On September 28, 2006 in Different Dinner Project, Recipes

2 cups dried chickpeas, soaked in water overnight
5 cups water
2 tablespoons olive oil
1 teaspoon cumin seed
1 large onion, sliced
3 cloves garlic, crushed
3 medium tomatoes, chopped
2 teaspoons cayenne
1-1/2 teaspoons ground cumin
1/4 cup fresh cilantro, chopped
salt

  1. Drain and rinse chickpeas and place in a saucepan over medium-high heat with fresh water. Bring to a boil, then reduce heat to a simmer and cook uncovered until tender, about 2 hours. Remove from heat and set aside.
  2. Heat a large skillet over medium heat and add oil. Lightly fry cumin seed until they just begin to sizzle, being careful not to brown.
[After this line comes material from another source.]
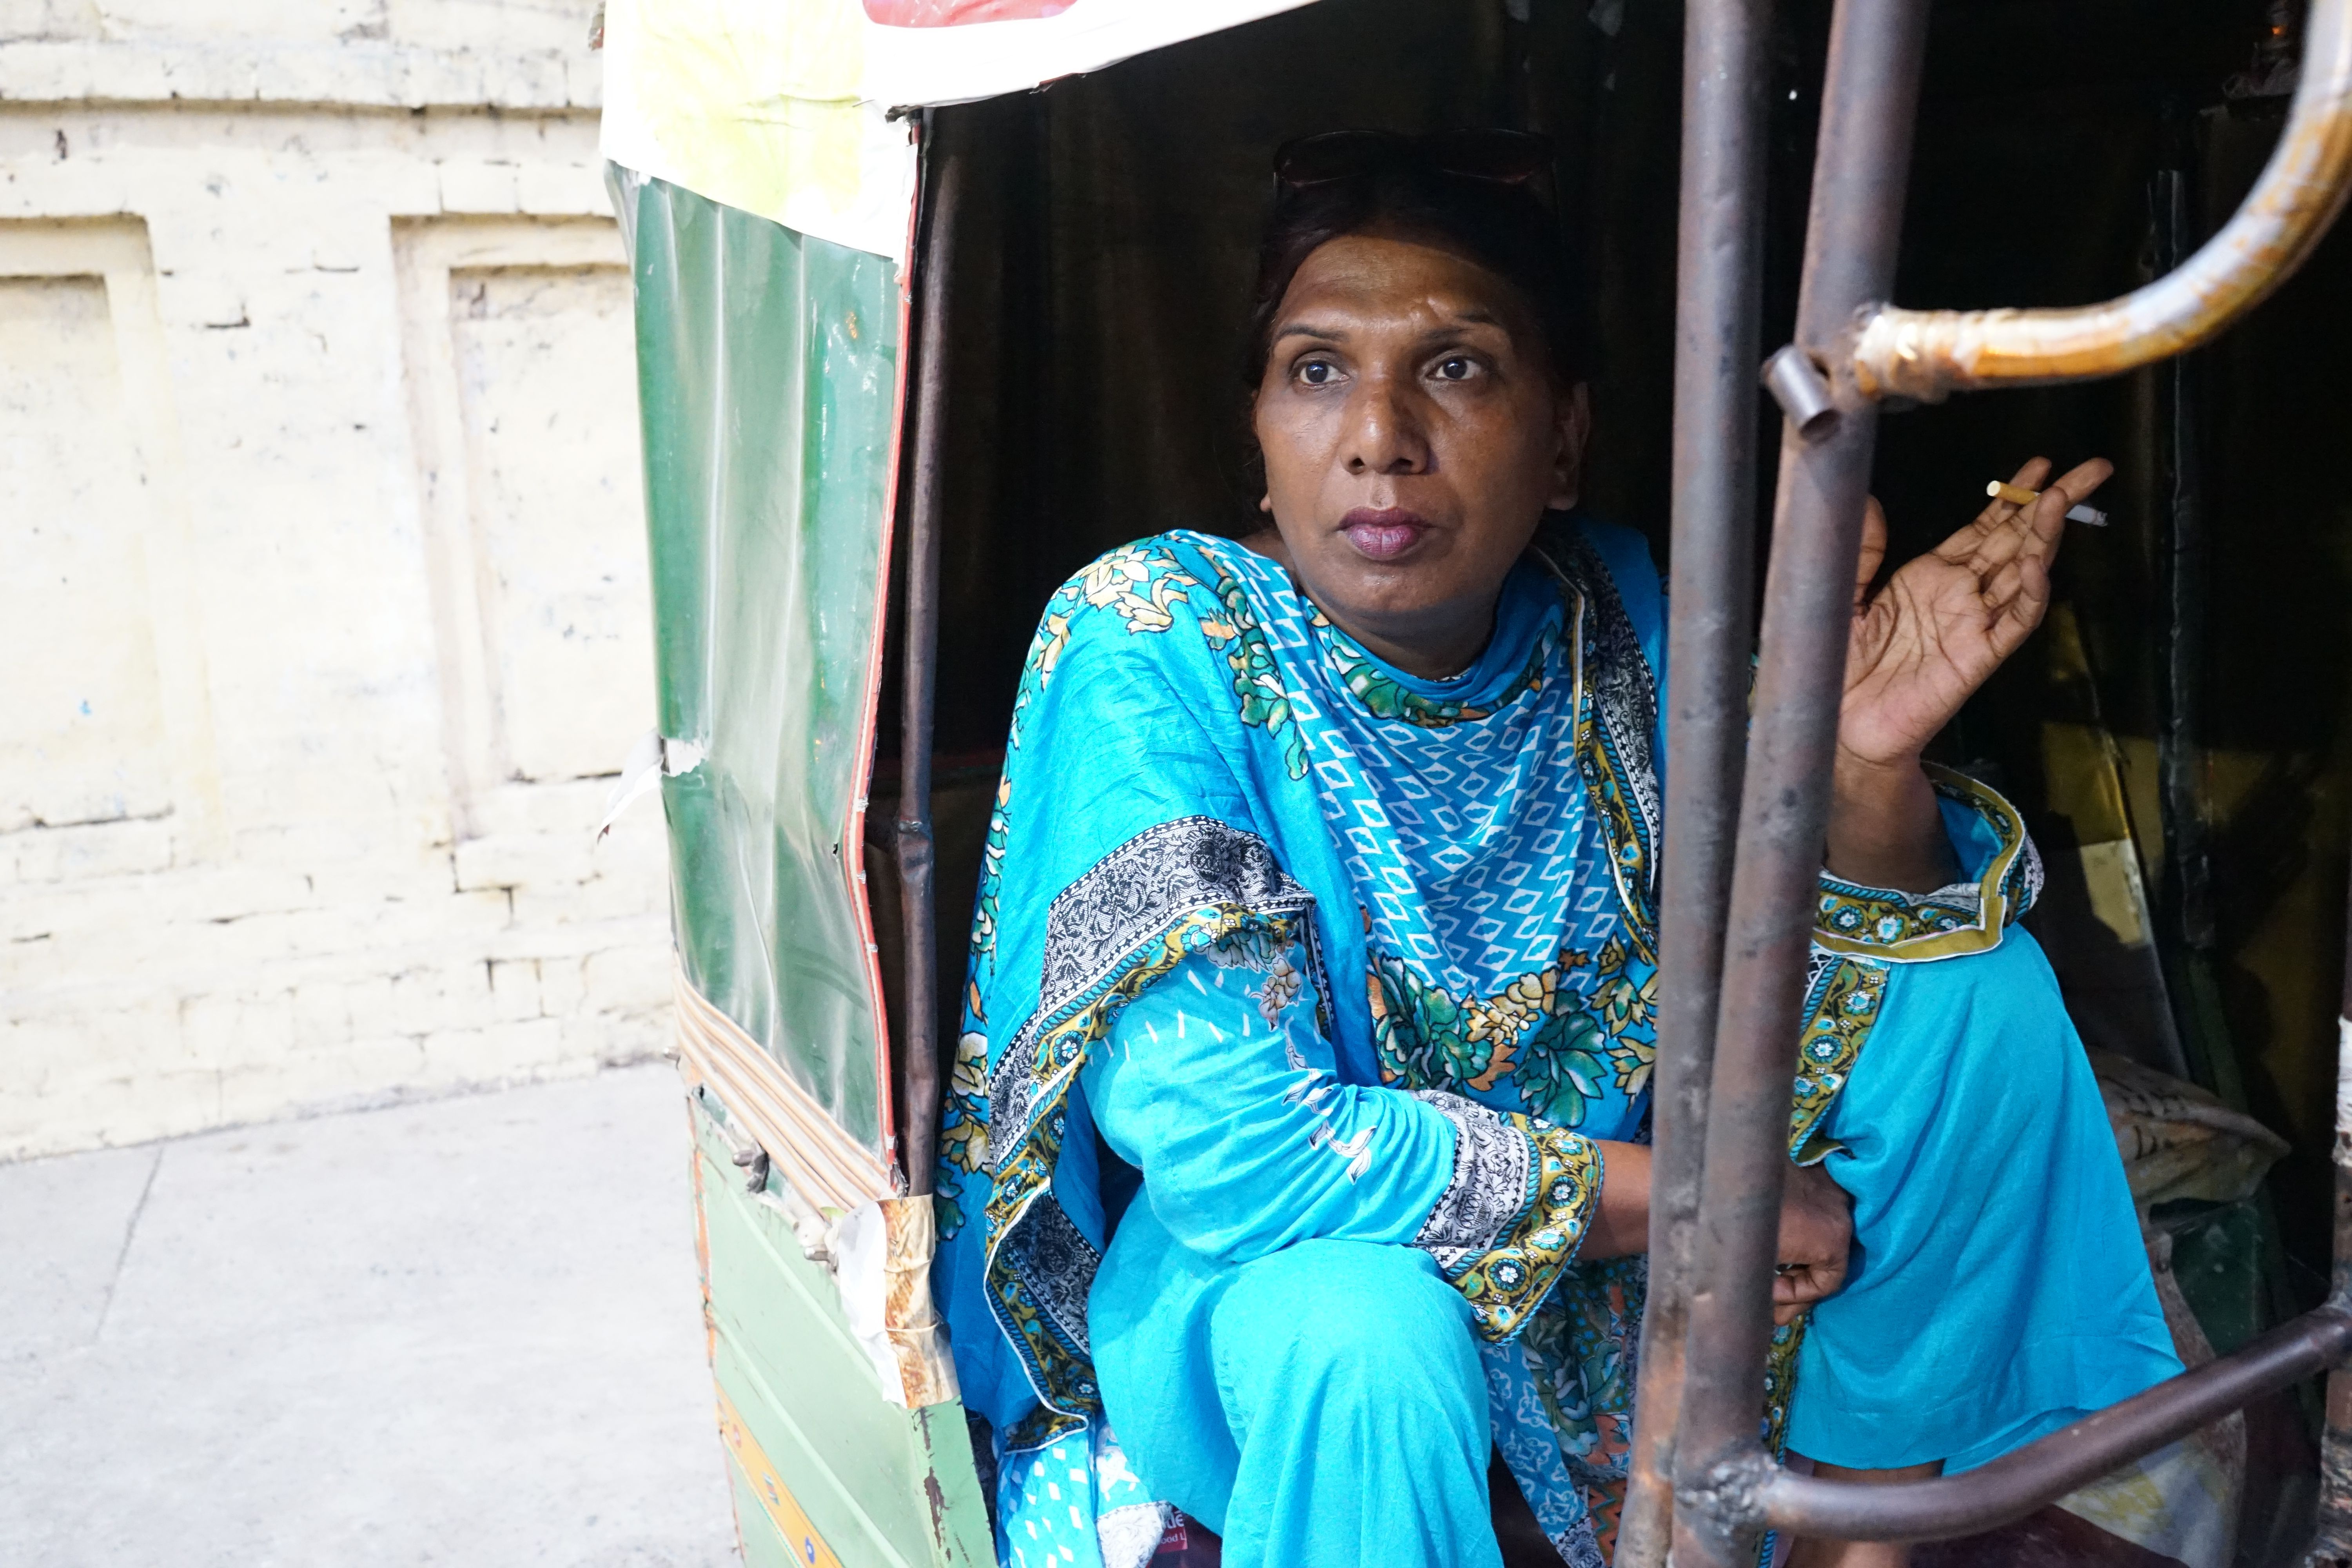 Ashi Jaan, age 45, takes a break from the protest to sit and smoke a cigarette while chatting with the rickshaw driver. Image by Ikra Javed. Pakistan, 2016.

  3. Add onions and fry, stirring occasionally, until they turn a deep brown. Stir in garlic, tomatoes, cayenne and ground cumin and simmer until the sauce thickens.
  4. Stir the chickpeas into the sauce with the cilantro. Allow to heat through, then plate garnished with sliced tomatoes and/or slices of raw white onion and additional chopped cilantro.